Futuregen dead, CSS survives
So Futuregen may be dead, but carbon capture and storage is anything but. Two days after President Bush endorsed "clean coal" in his final State of the Union address, deputy energy secretary Clay Sell held a press conference to renounce the Illinois Futuregen project. However, he was quick to point out that Bush's 2009 budget includes a $648 million subsidy for coal — a $129 million (25%) increase over 2008.
Sell pointed out that there are at least 33 coal plants planned, or under construction, using gasification technology.
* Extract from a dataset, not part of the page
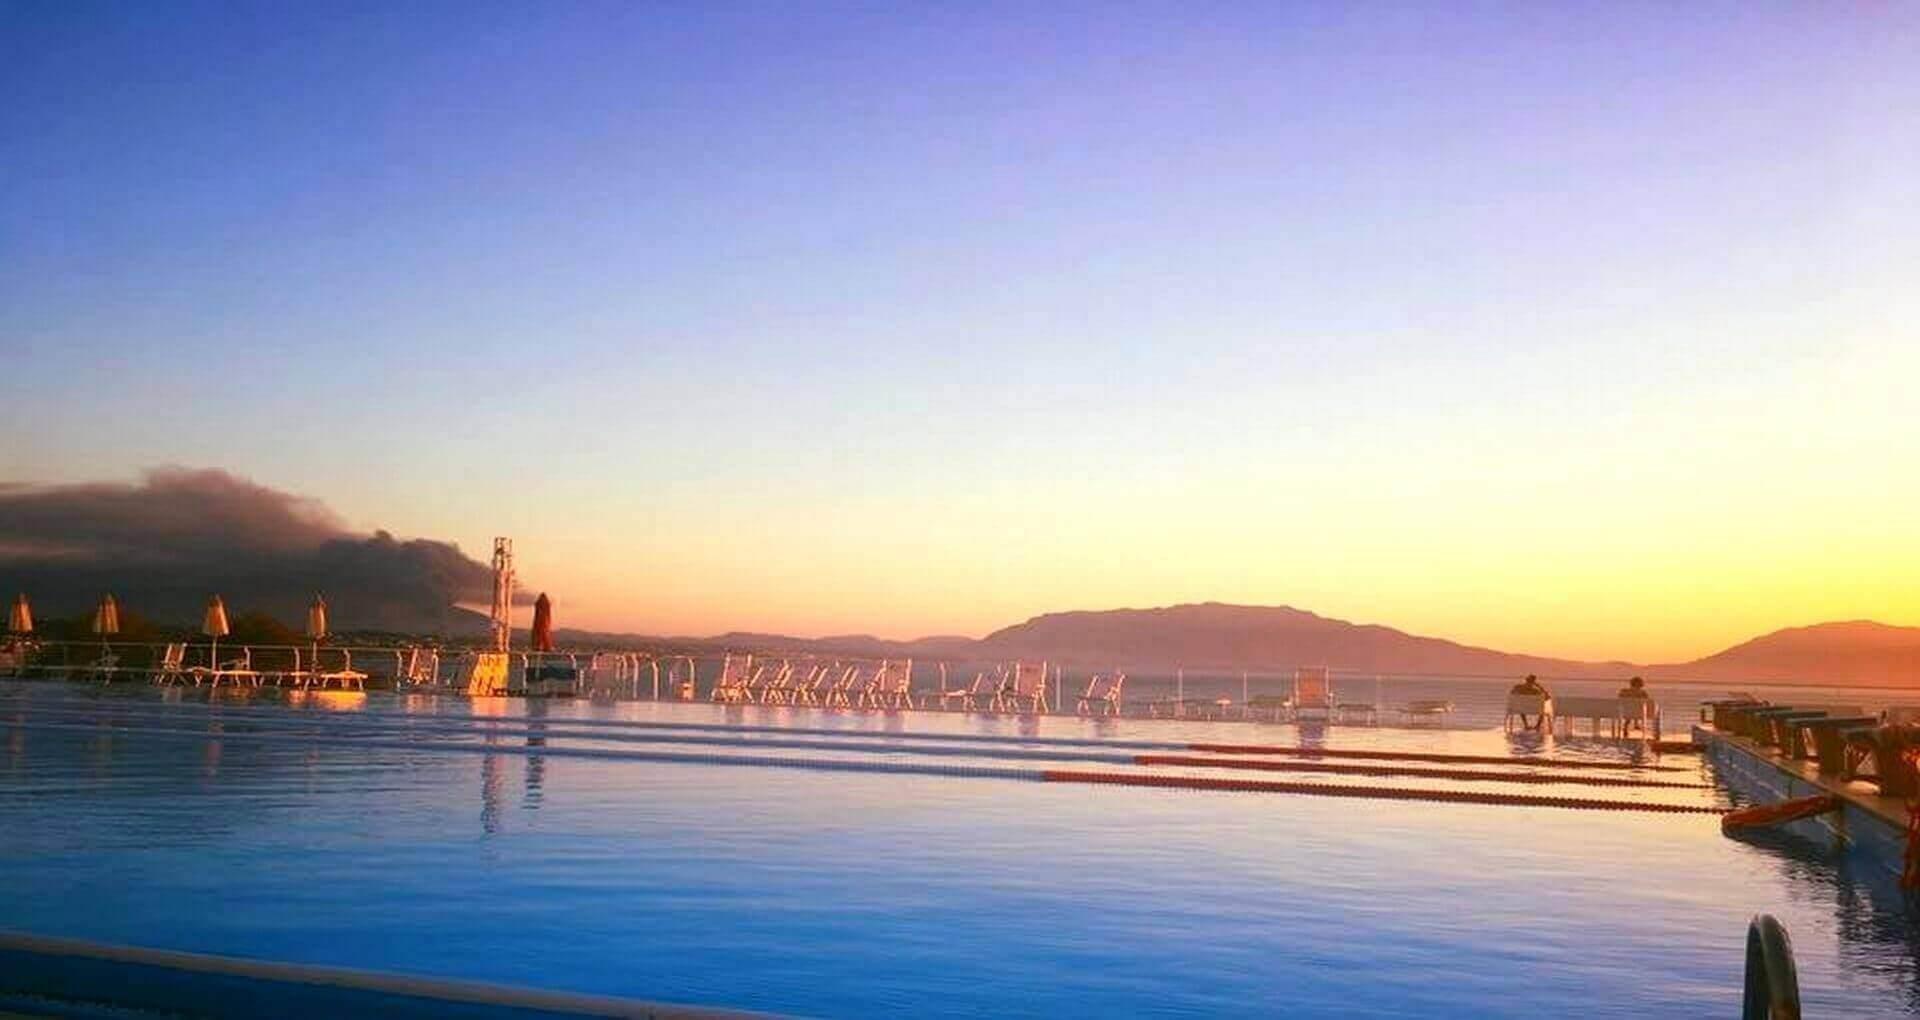 Piscina_Olimpionica_Perla_del_Golfo_Resort
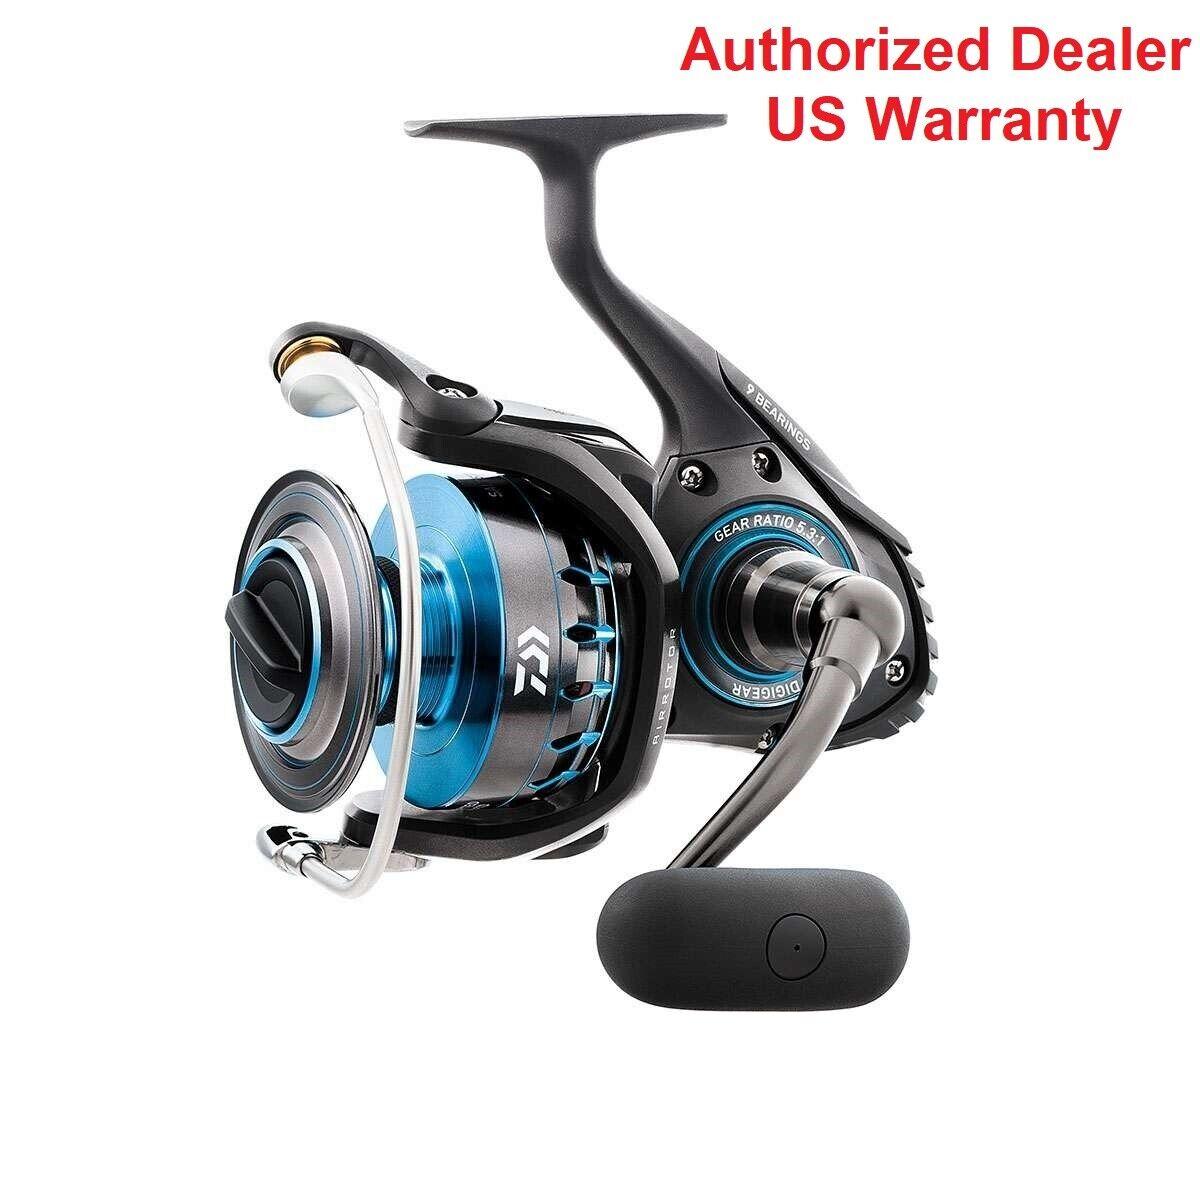 Brand New Daiwa Saltist 4500 5.7 1 Saltwater Spinning Fishing Reel SALTIST4500

He gave the utilities until March 3 to apply for 100% government funding to add carbon capture and storage to any of those 33 projects. He said the DoE's new approach would result in "twice as much carbon" being buried in the ground in the next few years, compared to the Illinois Futuregen project.
So it seems apparent that the DoE beheaded the Futuregen project not to derail so-called "clean coal" but to accelerate its development, aiming to get CCS demonstration projects going more quickly in more places simultaneously. Like the mythical Hydra, a giant many-headed serpent with poisonous breath, Futuregen and its progeny will be hard to kill.
[From Rachel's Democracy & Health News #944, January 31, 2008.]